# How best to listen to Bach’s WTC?



## KenOC (Mar 7, 2011)

Although I often play them right through in the usual order of key signature, I suspect Bach never intended this. And such an approach may be off-putting to a lot of people. Even Count Keyserling, eyes wide because he couldn’t sleep, would call out, “Goldberg, please come and play me one of my variations!”

I’ve read that Shostakovich’s Op. 87 Preludes and Fugues were often programmed in a group of several during his lifetime as interior parts of a concert or a recital. So maybe 20- to 30-minutes worth, arranged in an order to give the best effect.

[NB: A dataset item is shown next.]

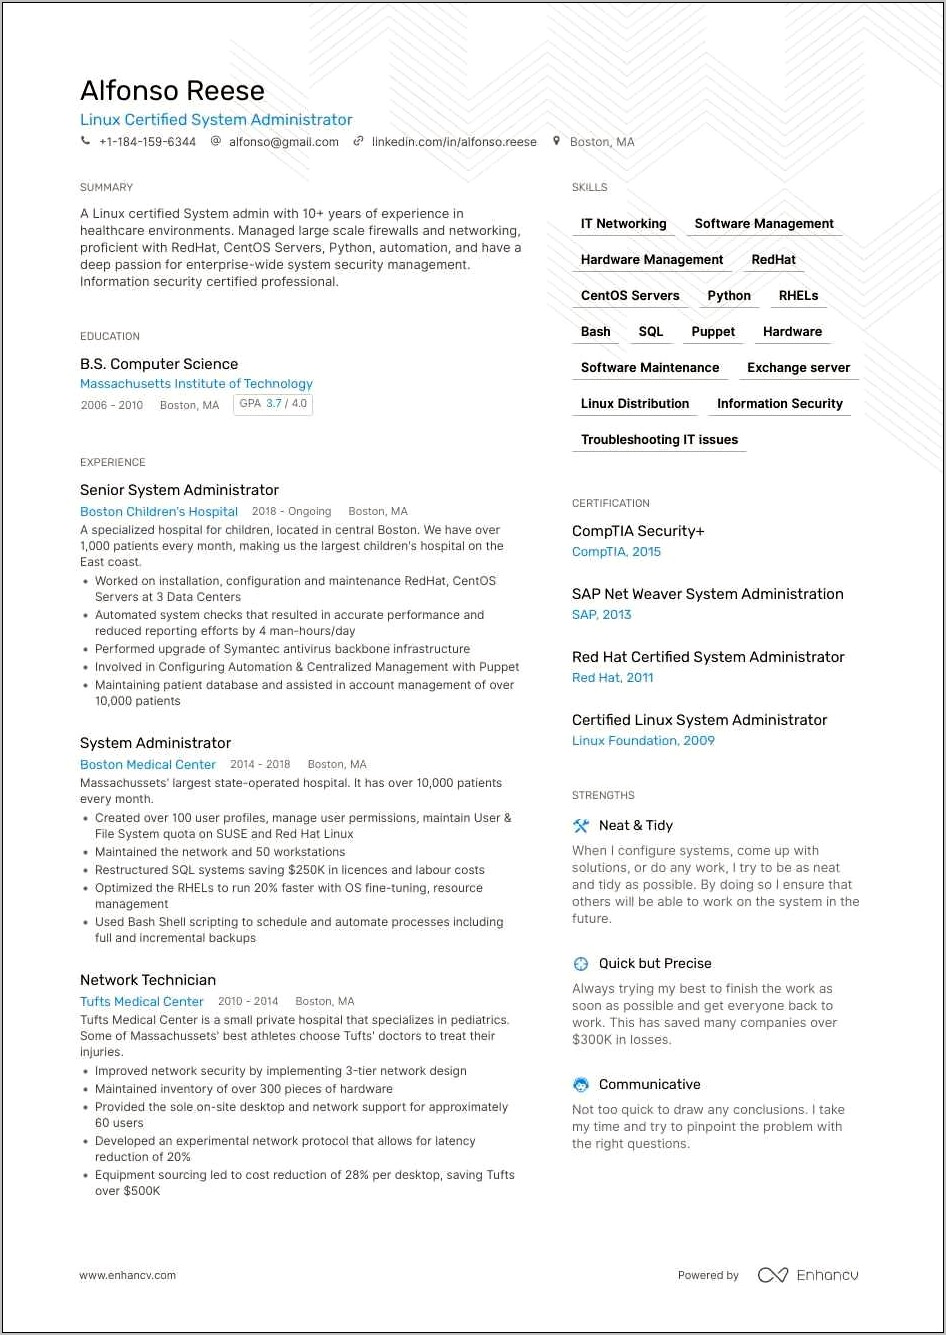 Resume Examples For As 400 Administrator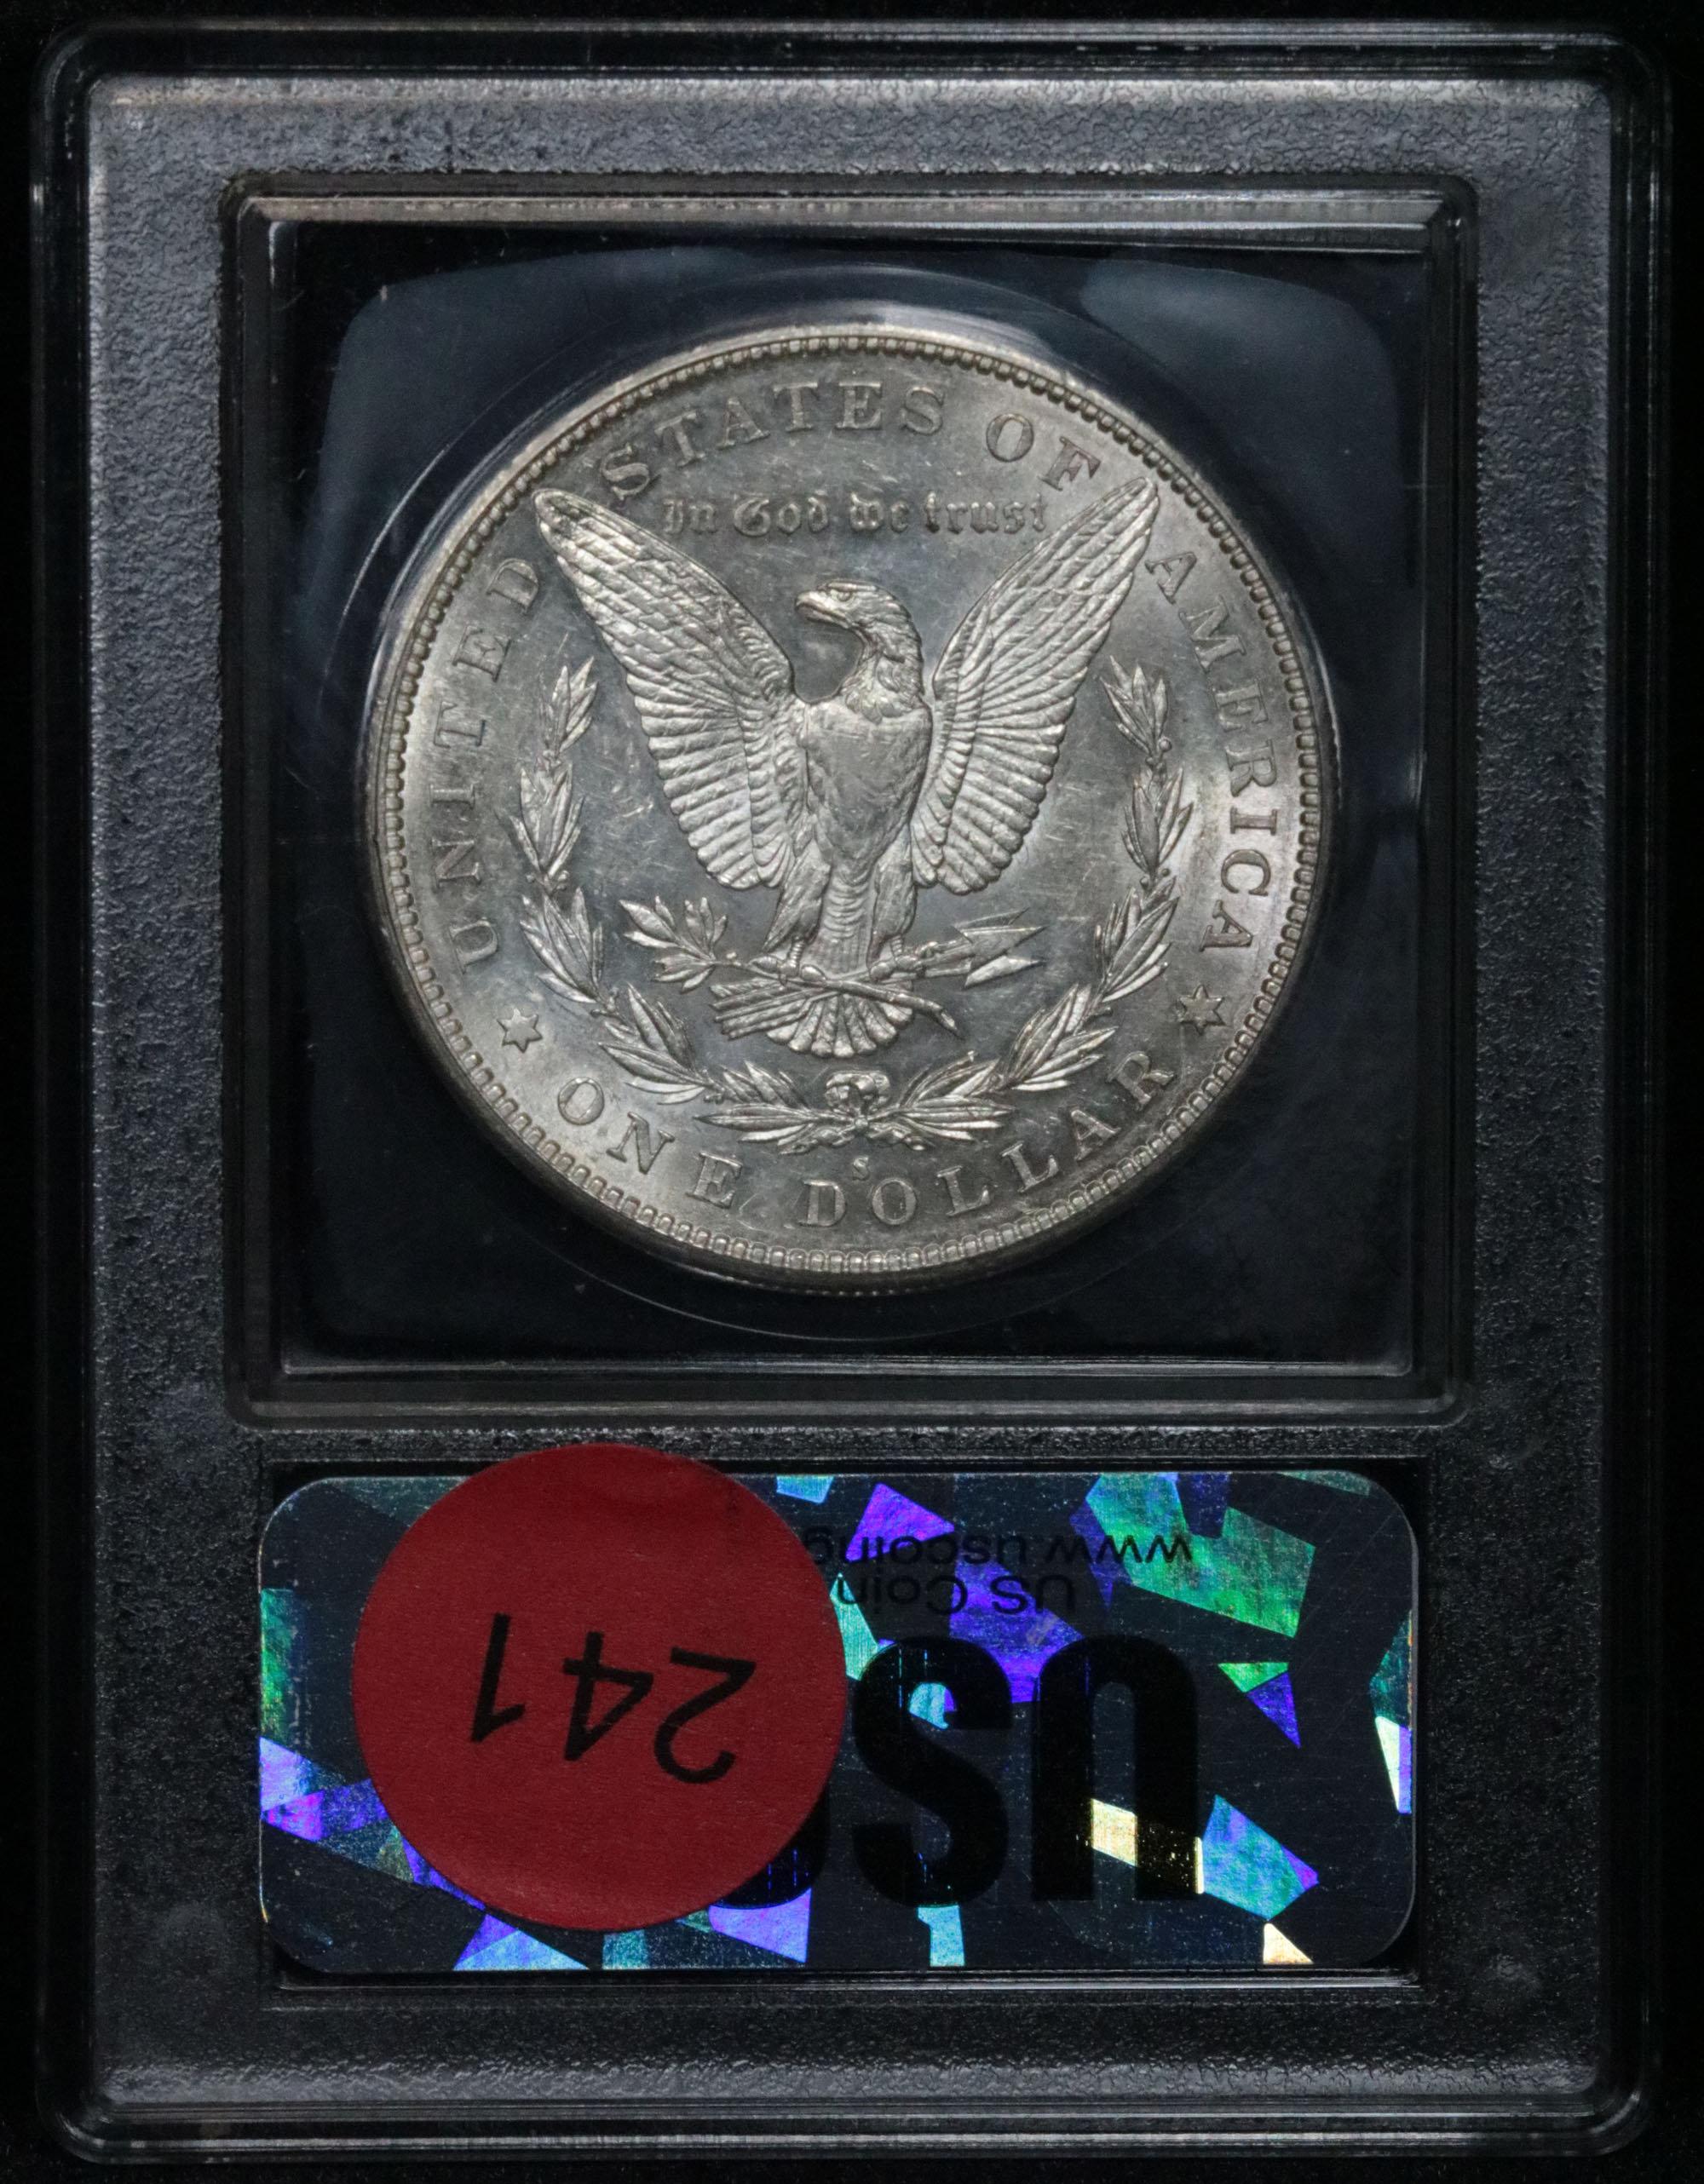 ***Auction Highlight*** 1884-s Morgan Dollar $1 Graded Select Unc PL by USCG (fc)

So how do you listen to the WTC? What would you recommend for others?


----------



## Bulldog (Nov 21, 2013)

I listen straight-through. My recommendation for others would be that they do what they want - individualized plans for each individual.


----------



## Jacck (Dec 24, 2017)

The approach that would suit me: get the WTC or the DSCH Preludes and Fugues as mp3 files, where each mp3 file corresponds to each fugue, contrapuntus, etude, prelude etc. and then play it on shuffle mode


----------



## Mandryka (Feb 22, 2013)

Jacck said:


> The approach that would suit me: get the WTC or the DSCH Preludes and Fugues as mp3 files, where each mp3 file corresponds to each fugue, contrapuntus, etude, prelude etc. and then play it on shuffle mode


There's a couple of recordings just like that, by Oli Mustonen


----------



## Mandryka (Feb 22, 2013)

From quite a good essay by Antti Hayraynen



> > Johann Sebastian Bach (1685-1750) completed the 24 preludes and fugues of Book I of Das Wohltemperierte Klavier in 1722. Dmitri Shostakovich (1906-1975) wrote his 24 preludes and fugues, Op. 87, in 1950-51.
> >
> > Bach's collection is organized by key in chro-matically ascending order, whereas Shostakovich -like Chopin in his preludes - follows the circle of fifths. It should be noted that 'well-tempered' as Bach meant it is not the same as 'equal-tempered'; for performance on a piano, however, the instru-ment should be equal-tempered.
> >
> > ...


----------



## Mandryka (Feb 22, 2013)

Why should anyone say this?



> It should be noted that 'well-tempered' as Bach meant it is not the same as 'equal-tempered'; for performance on a piano, however, the instru-ment should be equal-tempered.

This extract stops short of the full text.